The barrage comes down to this, in plain English. When they signed up, the soldiers (cum victims?) signed a contract. Like lots of government documents -- and much on the order of the completely unreadable Internal Revenue Code -- the contract contains legal phraseology meaning that the terms of enlistment can be altered if certain events occur on or in connection with this or that section of the federal statutes -- so that one has to read the cross referenced federal statutes to find out what the true situation is. The recruit thinks he is signing up for a fixed term, he signs a paper saying this, but in reality he or she may possibly be signing up for something very different -- for a couple of years in Iraq, for example.

Maybe this whole process wouldn’t be so obnoxious if recruits had Philadelphia lawyers with them to explain all this to them. But people who can afford Philadelphia lawyers don’t sign up for the volunteer service, and people who sign up for it can’t afford and wouldn’t dream of using any lawyer in connection with this, let alone Philadelphia ones.
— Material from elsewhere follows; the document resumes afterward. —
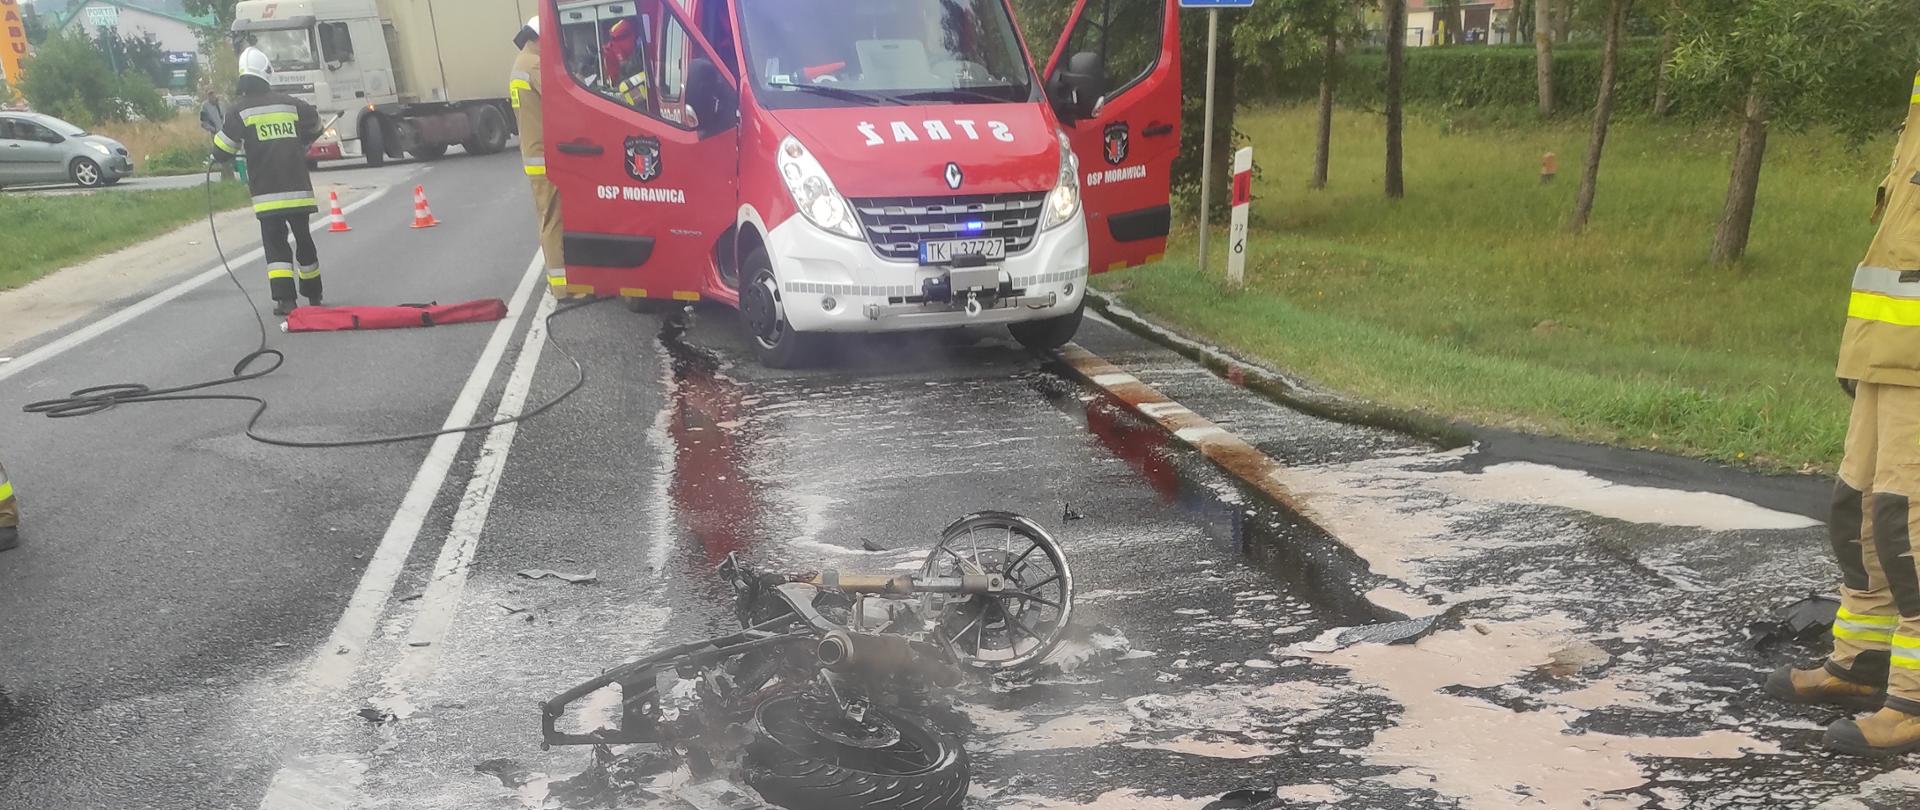 Zdjęcie przedstawia spalony motocykl na jezdni. Za nim wóz strażacki.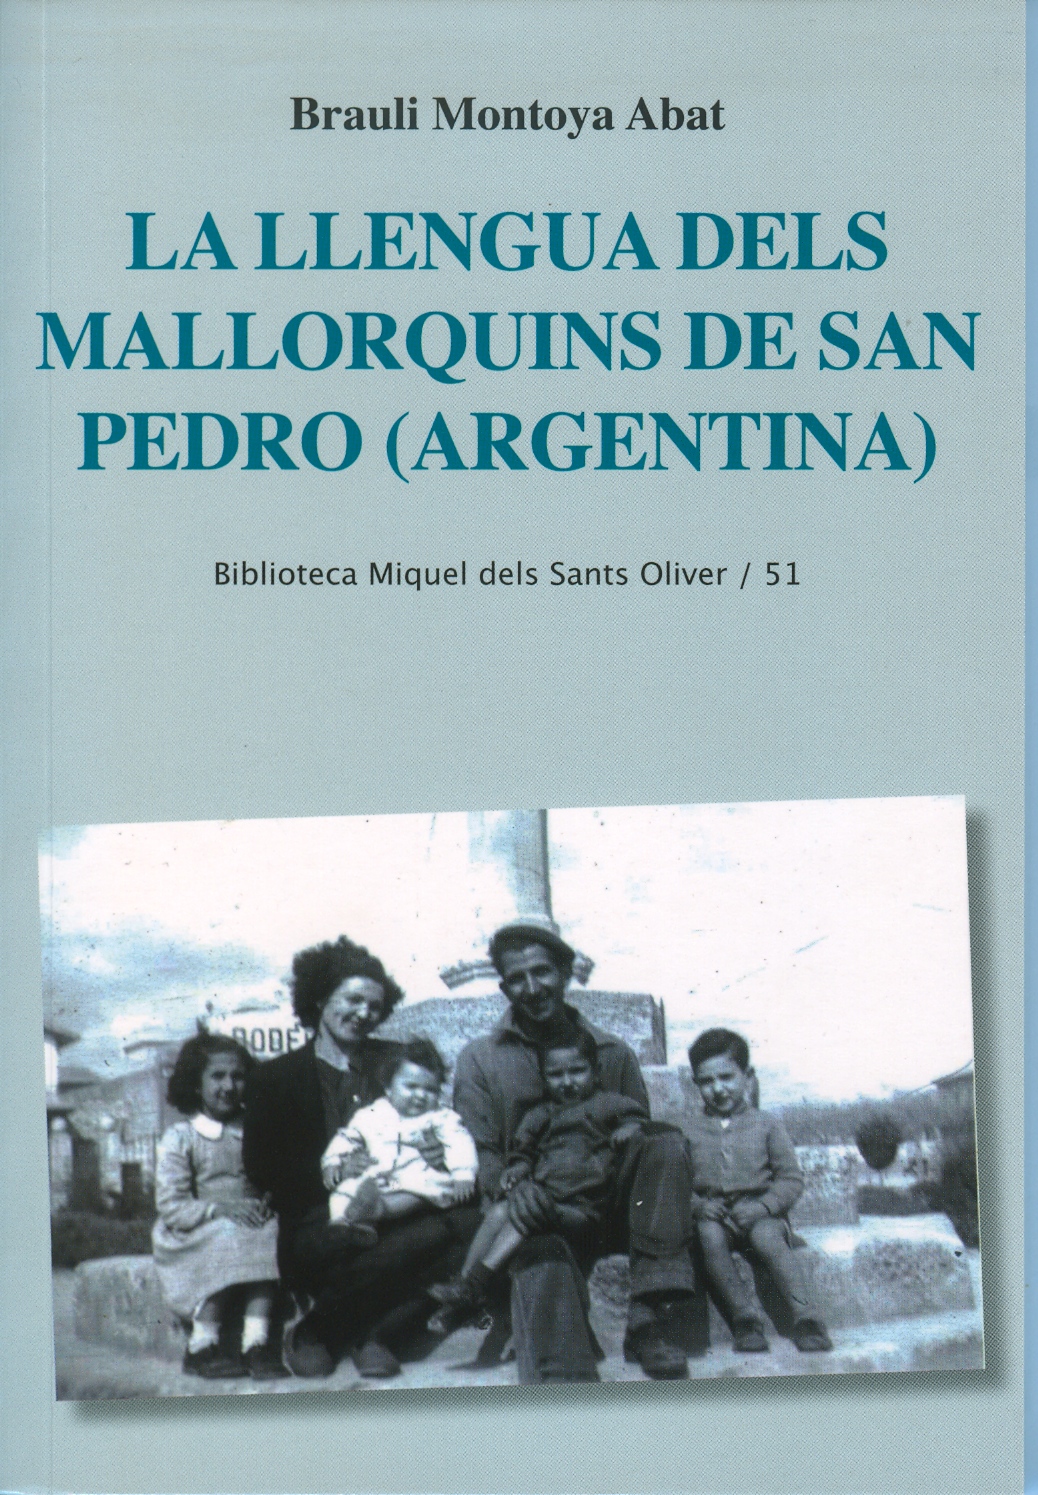 La llengua dels mallorquins de San Pedro (Argentina)

Harvard’s sainted Felix Frankfurter once wrote that citizens must turn square corners when dealing with the government. He ignored that historically the more common case is that the government does not turn square corners when dealing with citizens. That is what is going on here. The government encourages the poor and others of the less well off to believe they are signing up for fixed periods of minimal duty, and the next thing they know they face a couple of years in Iraq.

Apparently, however, what is not realized by some bloke in, say, the West Virginia mountains when he signs up, and what is not recognized by lots of the other uneducated people who sign up, is all plain enough to Judge Royce Lamberth. For, according to an Associated Press story, he said the contract was clear enough. Well, I imagine it is clear enough to Lamberth. He is a lawyer, and a judge no less. He is used to fine print, to cross referencing and to language that appears to give with one hand while actually taking away with the other. But I would think that to the often poorly educated nonlawyer who signs up for the Reserves, to the guy who is not terribly literate, this language in a forbidding looking legal document is all likely to be just gobbledygook. He thinks he has signed up for one year or two years because the paper he signs does say so, and the recruiters tell him so. But really he has been fooled into signing up for Iraq and all the other Iraqs we may end up fighting. And the gutless Lamberths of the world, a whole federal judiciary full of them, do not dare to cross the Executive by stopping the fraud practiced on the more vulnerable part of our citizenry.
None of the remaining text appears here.